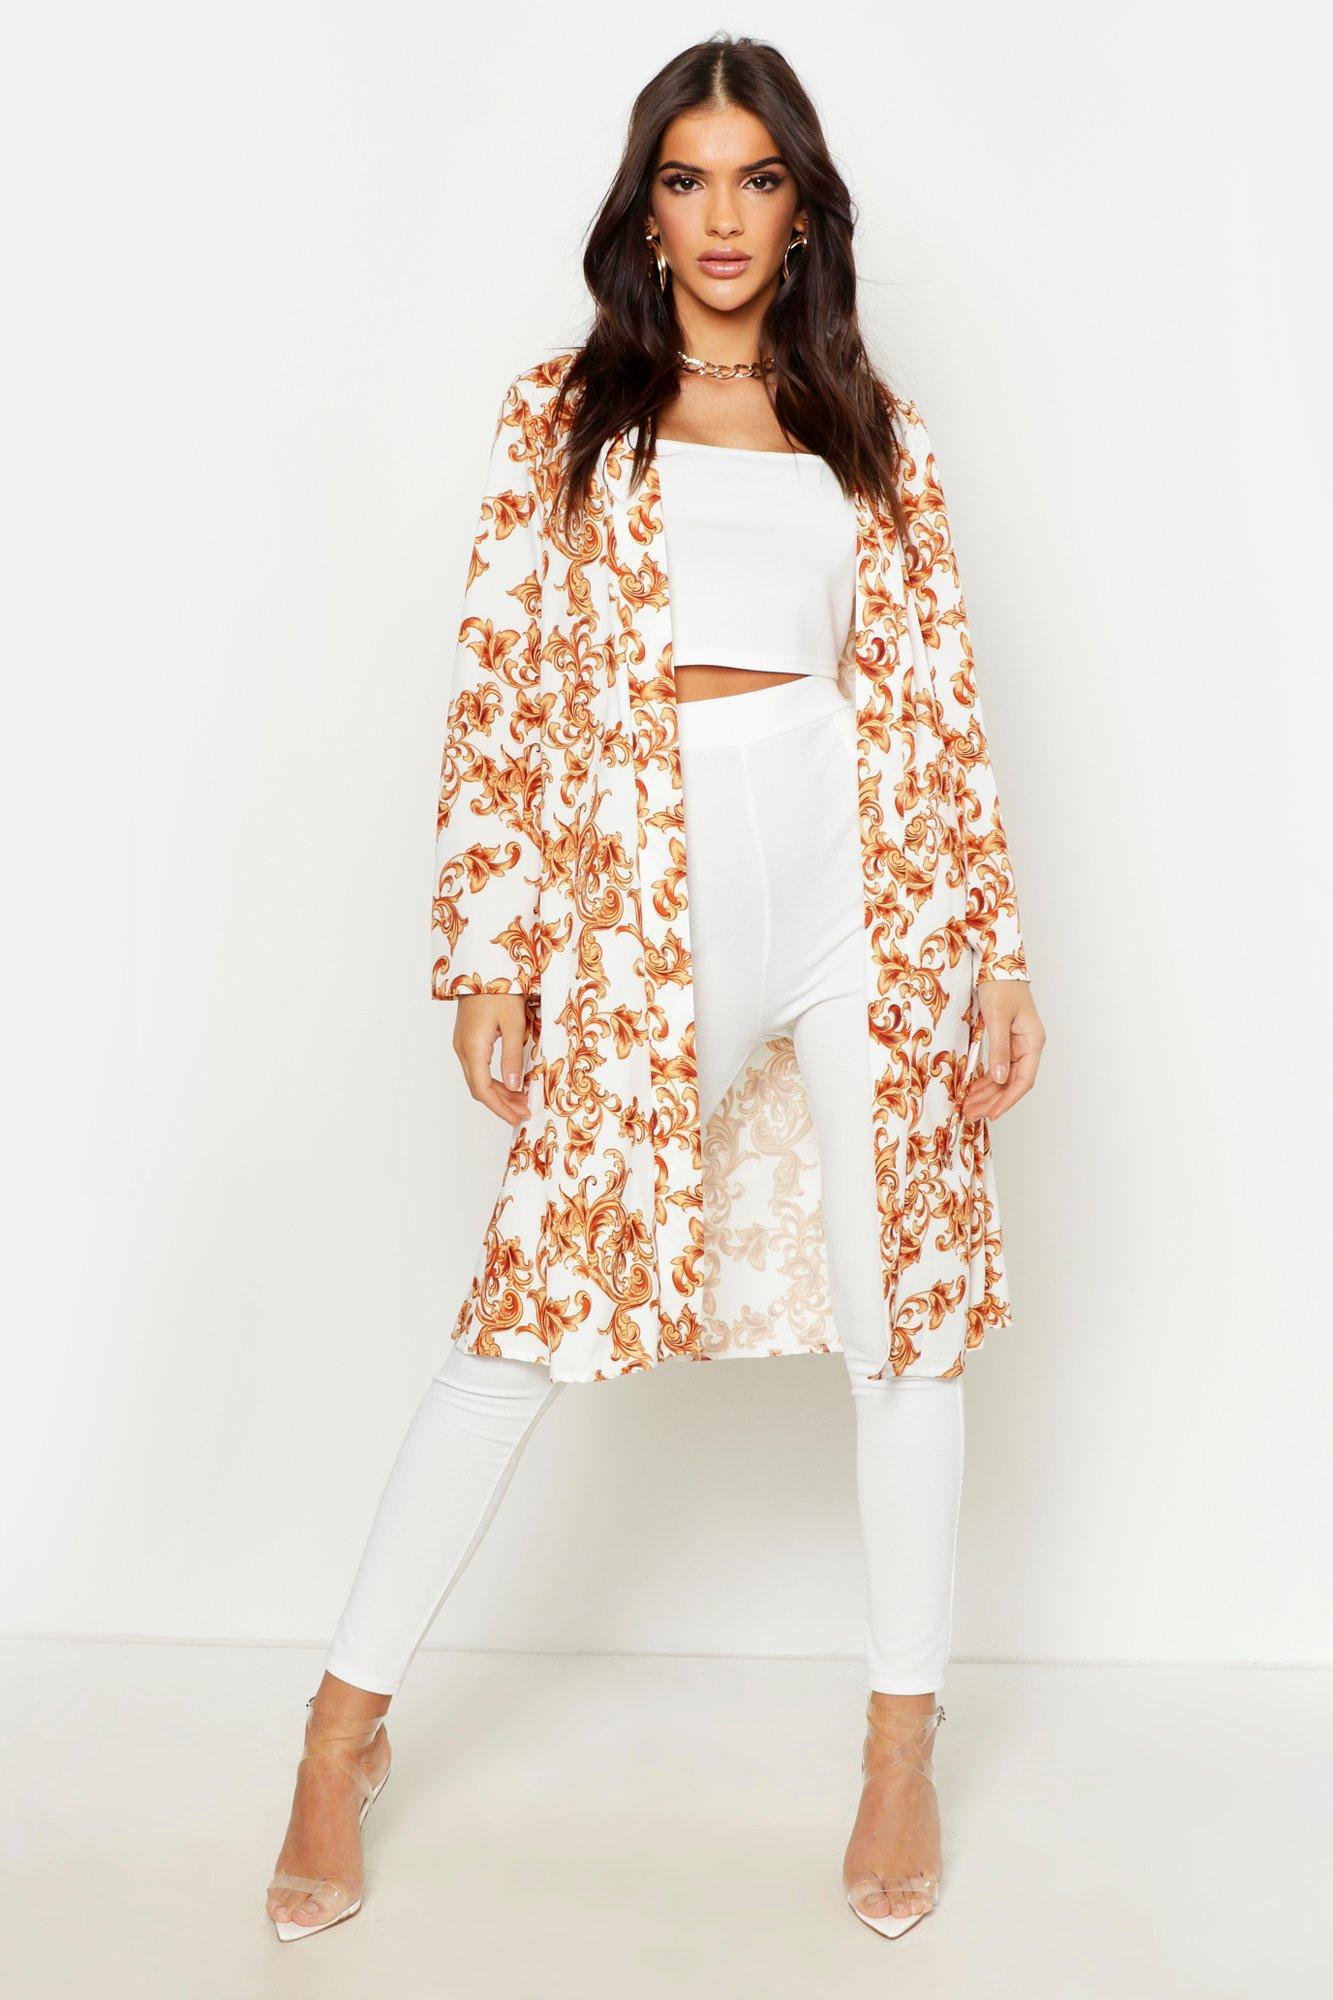 Womens Satin Chain Print Tie Kimono - white - 32, White - Boohoo.com
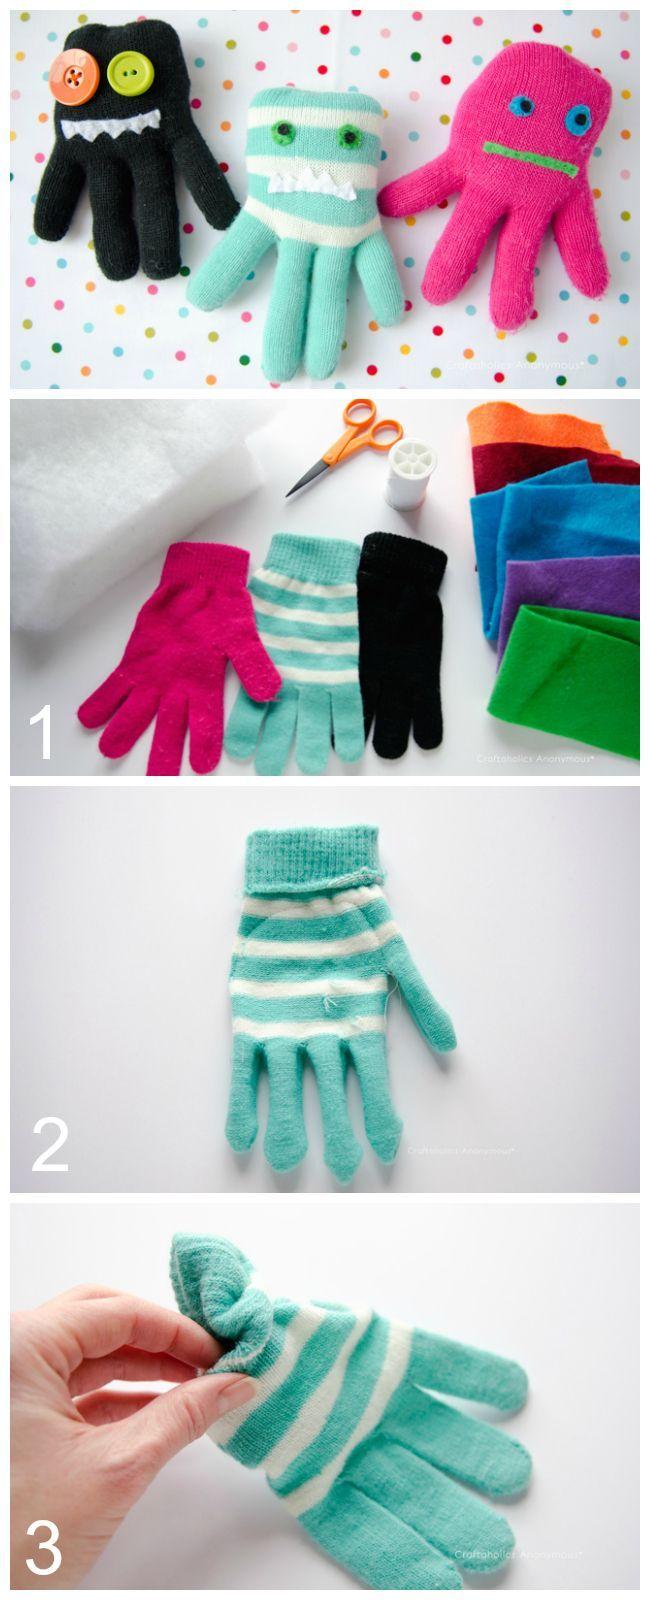 Homemade Softie Tutorials --- Glove Monster Softie
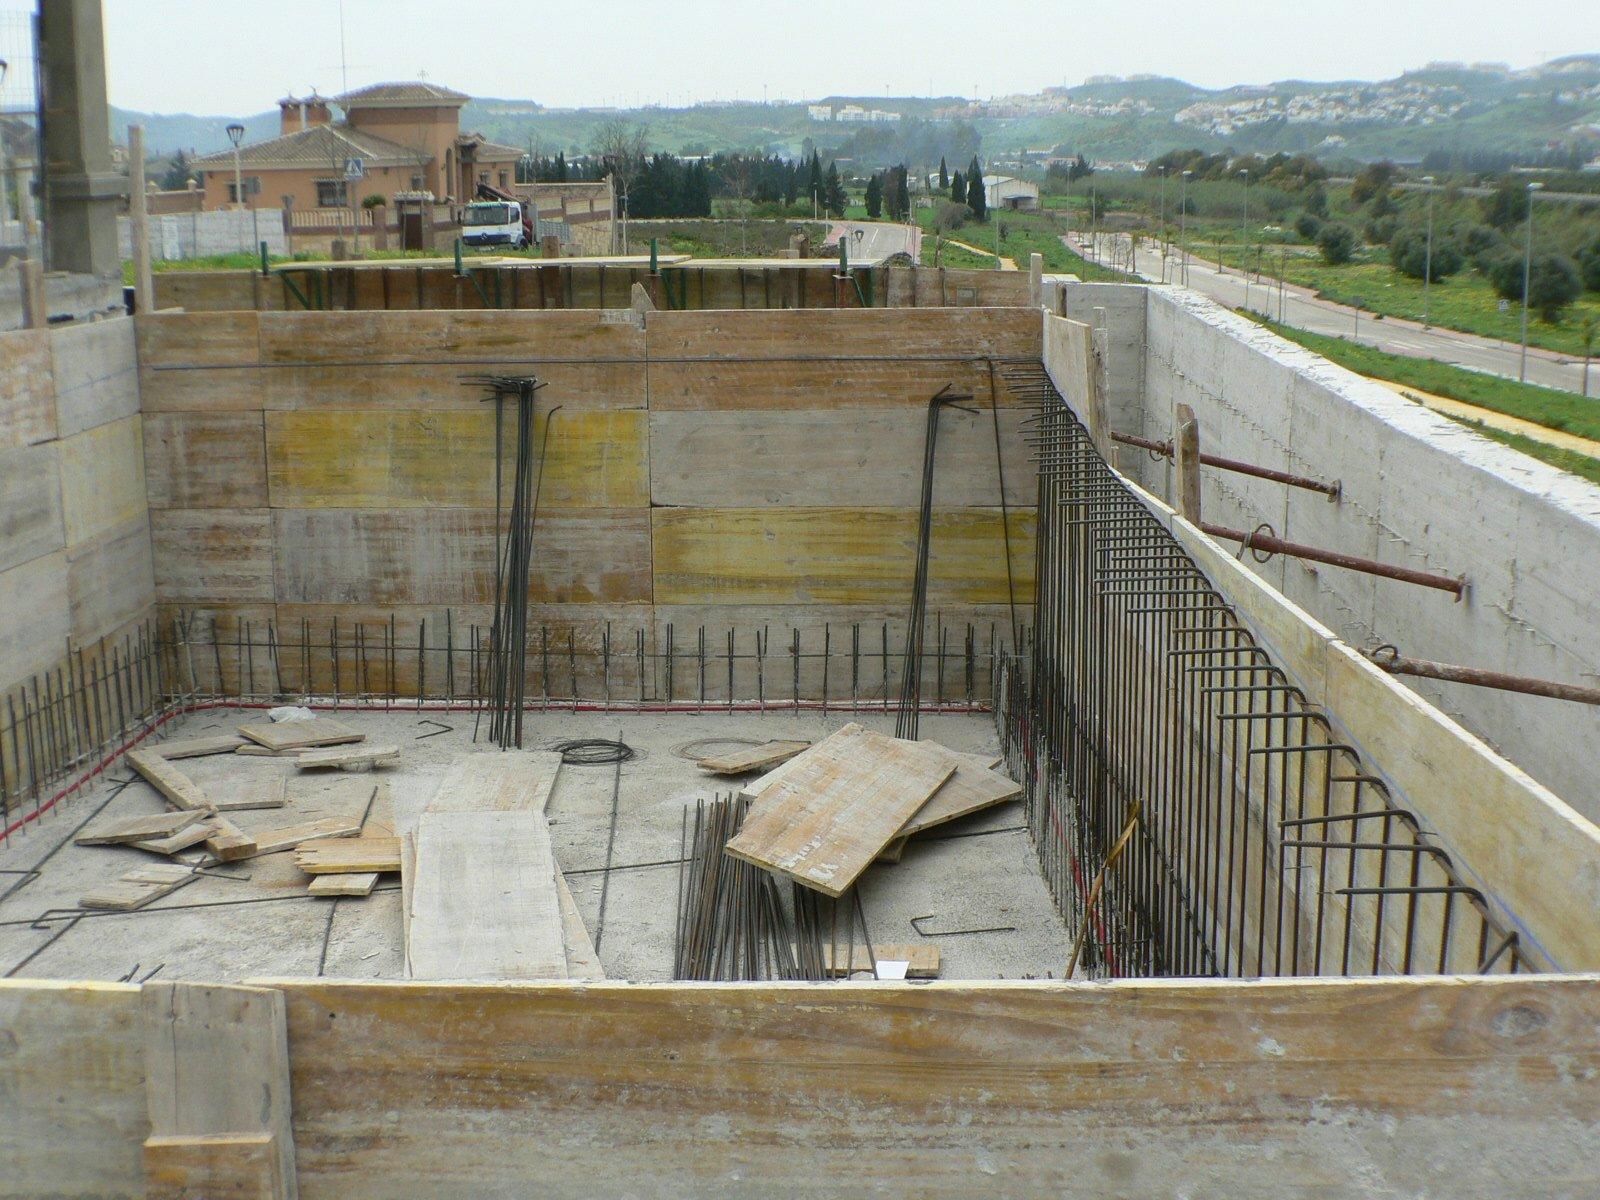 Dep sitos de hormig n o mortero de cemento pinturas arenas - Pinturas arenas granada ...
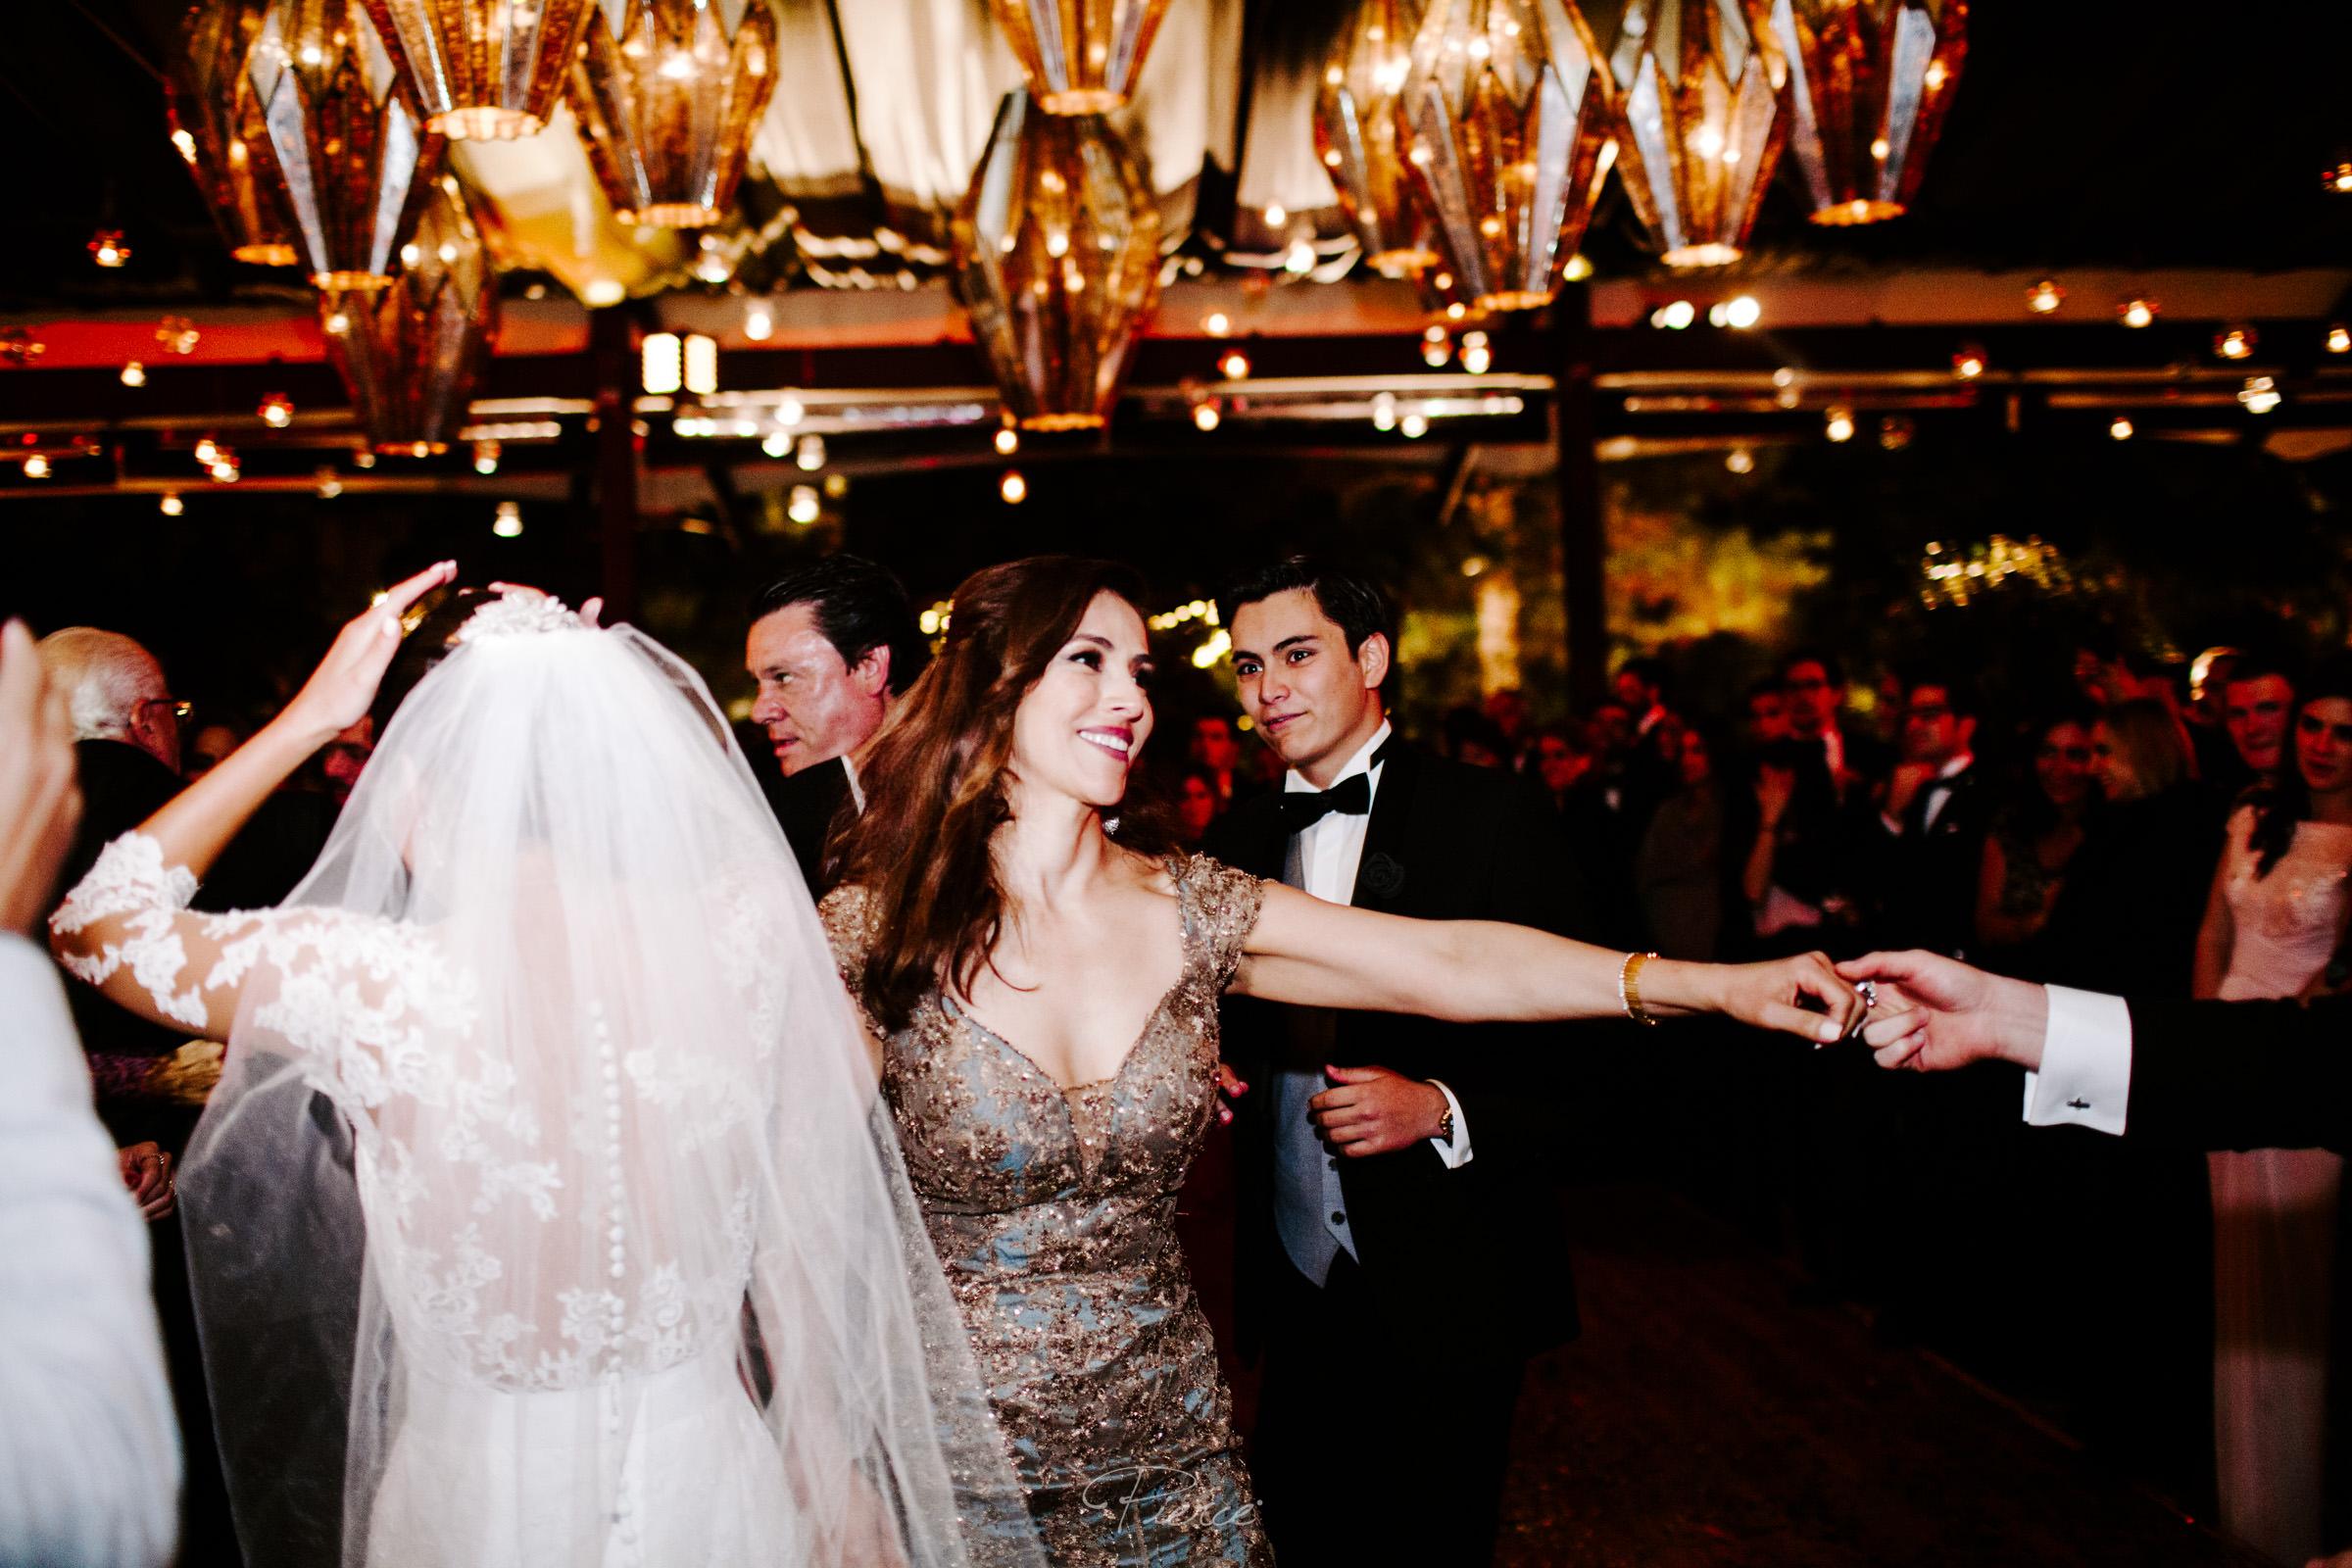 fotografia-de-boda-valle-de-bravo-mexico-rosmarino-pierce-weddings-0186.JPG
==========
## What the task requires
All of the material above needs to be restated exactly, with no pictures.

## Solution to the problem
 Womens Satin Chain Print Tie Kimono - white - 32, White - Boohoo.com
 Homemade Softie Tutorials --- Glove Monster Softie
 Dep sitos de hormig n o mortero de cemento pinturas arenas - Pinturas arenas granada ...
 fotografia-de-boda-valle-de-bravo-mexico-rosmarino-pierce-weddings-0186.JPG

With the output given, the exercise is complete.